Thanks pics don’t do it justice..


AdvenJack said:


> I think your cycle looks great *redline1968 !* My compliments on your effort!
> 
> View attachment 865322


----------



## AdvenJack (Sep 8, 2018)

I believe you!


----------



## 100bikes (Sep 9, 2018)

Was at an auction recently where the auctioneers didn't know what they had. 
They were chatting about this only single cylinder engine mixed in with everything else -
their pre sale estimate  was $200 - $300.


A Harley Single Cylinder 
Closing gavel- $4500 plus auction premium

The engine was rough.


----------



## cyclefreak13 (Sep 9, 2018)

By the time I got done building my 1910/12 harley from an incomplete engine I had about 10-11K into it.
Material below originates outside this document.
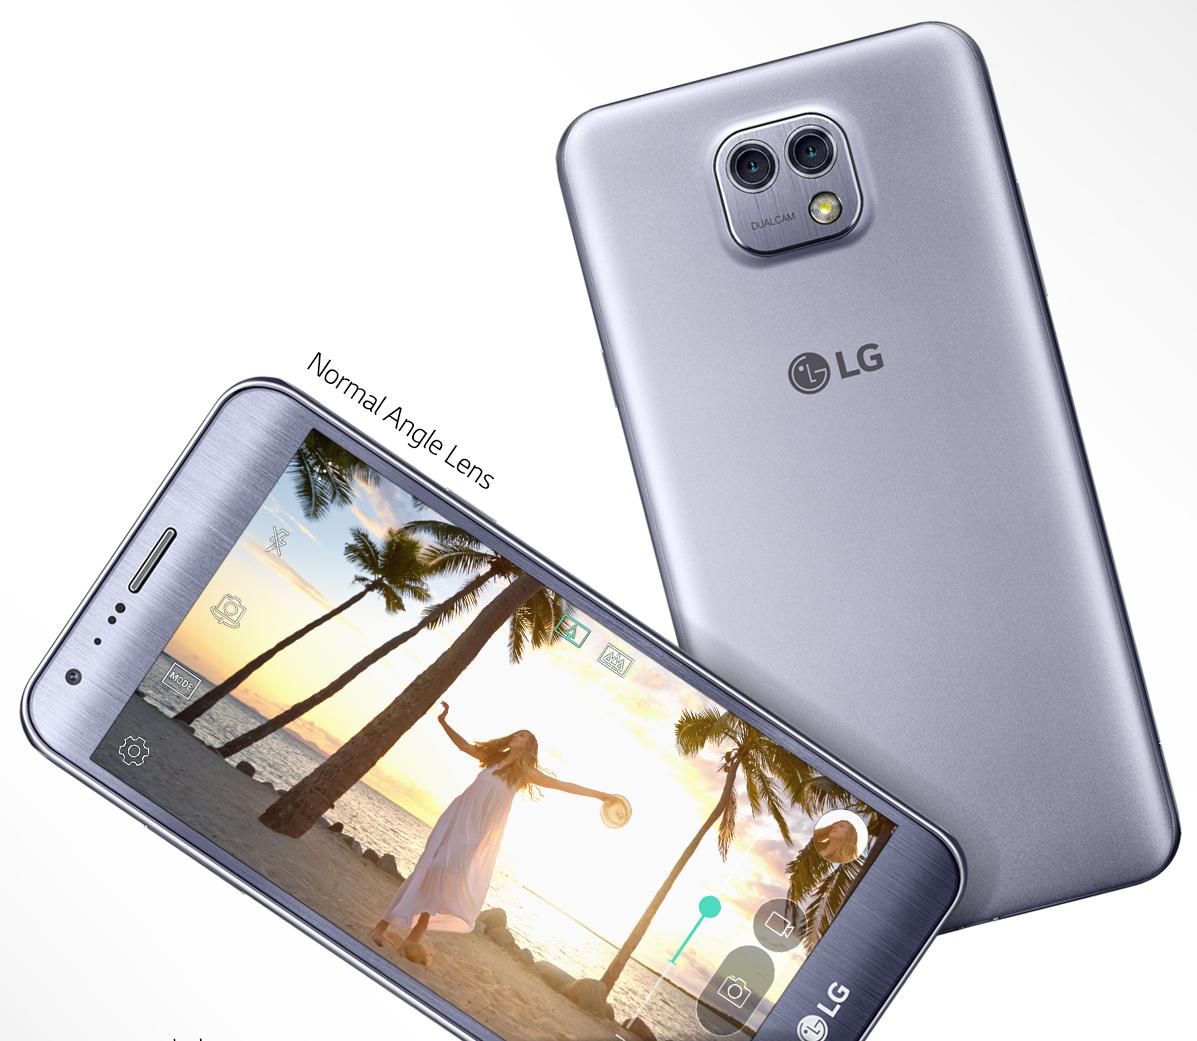 LG X Cam libre, precio, análisis, características, movil con buena camara barato, alternativas
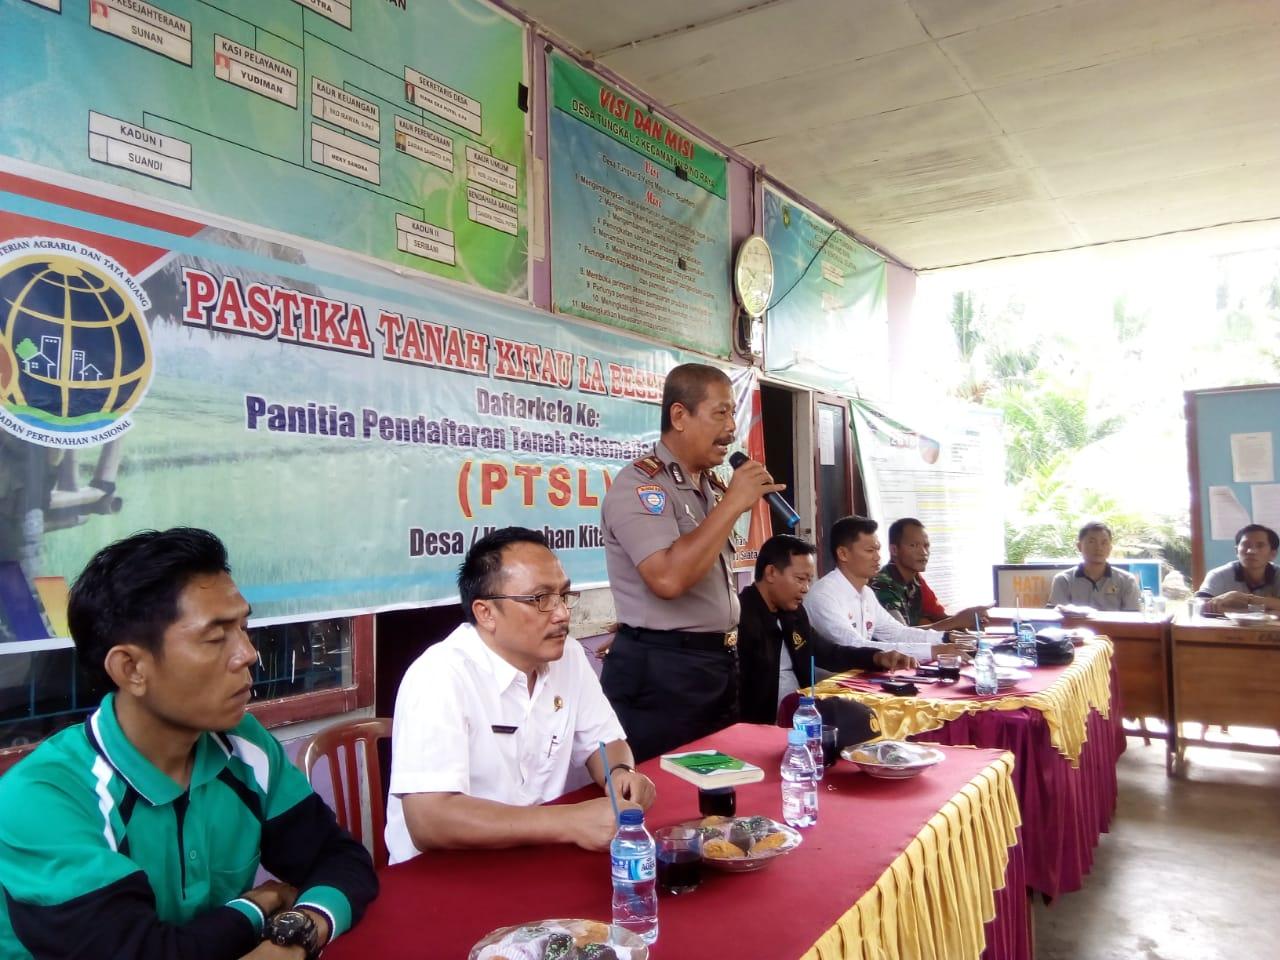 Sinergitas Antar Instansi, Sat Binmas Dampingi BPN Sosialisasi PTSL

When I sold it I got 11K for it. 95% of mine was reproduction in the end and it was sold as such.


----------



## bricycle (Sep 9, 2018)

Harley made mopeds in several decades, I almost bought a 65cc 1960's baby.


----------



## AdvenJack (Sep 10, 2018)

That's quite a Bell Ringer in my opinion *cyclefreak13 !!!*
I bet the new owner is have a great time with it!


----------



## cyclingday (Sep 11, 2018)

The 1912-14 Excelsior Autocycle model 4 engine seems to be the most plentiful, but you're still going to have to shell out at least 2 grand if you find one.
And most likely, it'll be missing the magneto and the carburetor.
Each one of those items will run another thousand or so.
Like Shawn said, at that point, you're building yourself an antique motorcycle, so don't stop there.
A complete 1913 Excelsior Autocycle isn't too much further down the road.
Another 10 or 20 grand, and you'll be rolling.


----------



## bricycle (Sep 11, 2018)

That 1932-36 Speedi-bike kit on here is a real steal in my opinion... I'd buy it but I'm shying away from 2 cycles (phew)


----------



## AdvenJack (Sep 11, 2018)

cyclingday said:


> The 1912-14 Excelsior Autocycle model 4 engine seems to be the most plentiful, but you're still going to have to shell out at least 2 grand if you find one.
> And most likely, it'll be missing the magneto and the carburetor.
> Each one of those items will run another thousand or so.
> Like Shawn said, at that point, you're building yourself an antique motorcycle, so don't stop there.
> ...



And it's as simple as that!


----------



## JimRoy (Sep 15, 2018)

Put a Briggs & Stratton FI on it.  The expose valves are cool.  Check them out on YouTube.   Only 3/4 HP which is probably too little.  The early (circa 1910) motorcycle engines only have a couple of HP.


----------



## Thurman (Sep 15, 2018)

I always thought the Maytag bikes were cool.


----------